JPH02192750A - Impurity recovery method of semiconductor substrate surface and equipment therefor - Google Patents

Abstract

PURPOSE:To measure impurity with high sensitivity by decomposing and liquifying a natural oxide film by using hydrofluoric acid solution which is subjected to moisture condensation on a semiconductor substrate surface, and recovering the dissolved oxide film. CONSTITUTION:A wafer 4 is mounted on a retaining stand 2 in the manner in which the surface to be measured faces upward, and is fixed by a vacuum chuck. Hydrofluoric acid solution 9 is introduced into a groove 10 arranged around the periphery of the chamber 1 bottom, and the chamber 1 is tightly closed. By a cooling part 8, the wafer 4 is cooled at a temperature of -100-0 deg.C. When the inside of the chamber 1 is kept at a normal temperature for about 10 minutes, the hydrofluoric acid solution 9 is vaporized, and the chamber 1 is filled with the vapor. The vapor of the hydrofluoric acid solution 9 is moisture-condensed on the wafer 4 surface, so that a natural oxide film 4' on the wafer 4 surface is decomposed and liquified, and dissolved material of the natural oxide film 4' containing impurity is formed. After the natural oxide film 4' is separated, the condensed liquid drops 12 gathered in a groove 7 of a liquid drop recovering member 6 is recovered by rotating the retaining stand 2, and the impurity is analyzed.

Description

DETAILED DESCRIPTION OF THE INVENTION [Object of the Invention] (Field of Industrial Application) The present invention relates to a method and apparatus for recovering impurities on the surface of a semiconductor substrate.

(Prior Art) When metal impurities such as Na (sodium), K (potassium), Fe (iron), etc. are contained in a semiconductor thin film formed on the surface of a semiconductor substrate, these impurities easily penetrate into the semiconductor thin film. move inside.

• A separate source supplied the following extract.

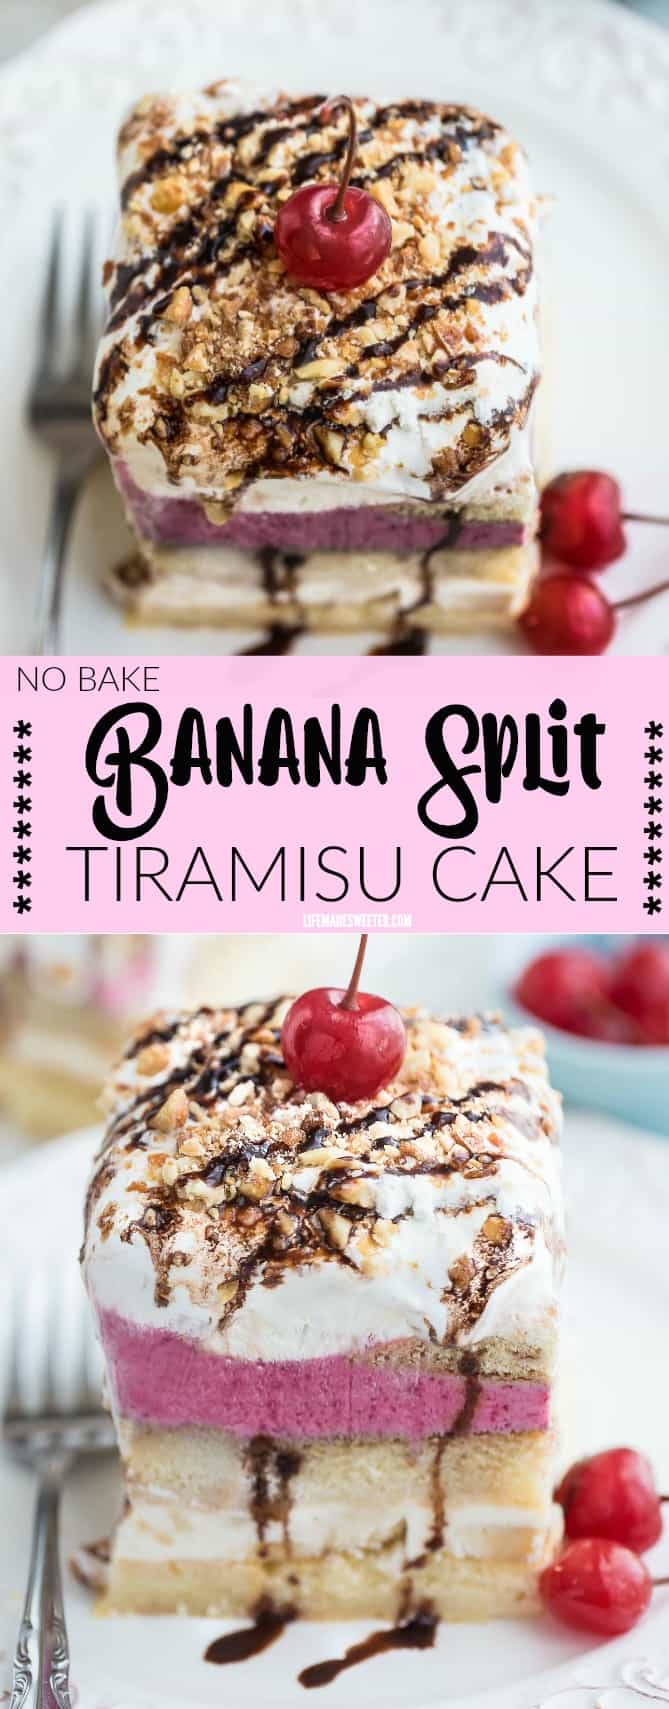  No Bake Banana Split Tiramisu Cake makes the perfect easy summer dessert!!

Therefore, it is well known that even a small amount of it has a large effect on the electrical characteristics of a semiconductor element.

Therefore, in order to improve the electrical characteristics, it is necessary to accurately grasp the amount of impurities on the surface of the semiconductor substrate and to suppress the content as much as possible.

Traditionally, secondary ion mass spectrometry has been used to measure impurities on the surface of semiconductor substrates.
SpectromeLry, hereinafter referred to as SIMS. ),
Auger electron spectroscopy (Auger Electron 5
spectroscopy, hereinafter referred to as AES. ) Instrumental analysis such as activation analysis was used. However, these SIMS.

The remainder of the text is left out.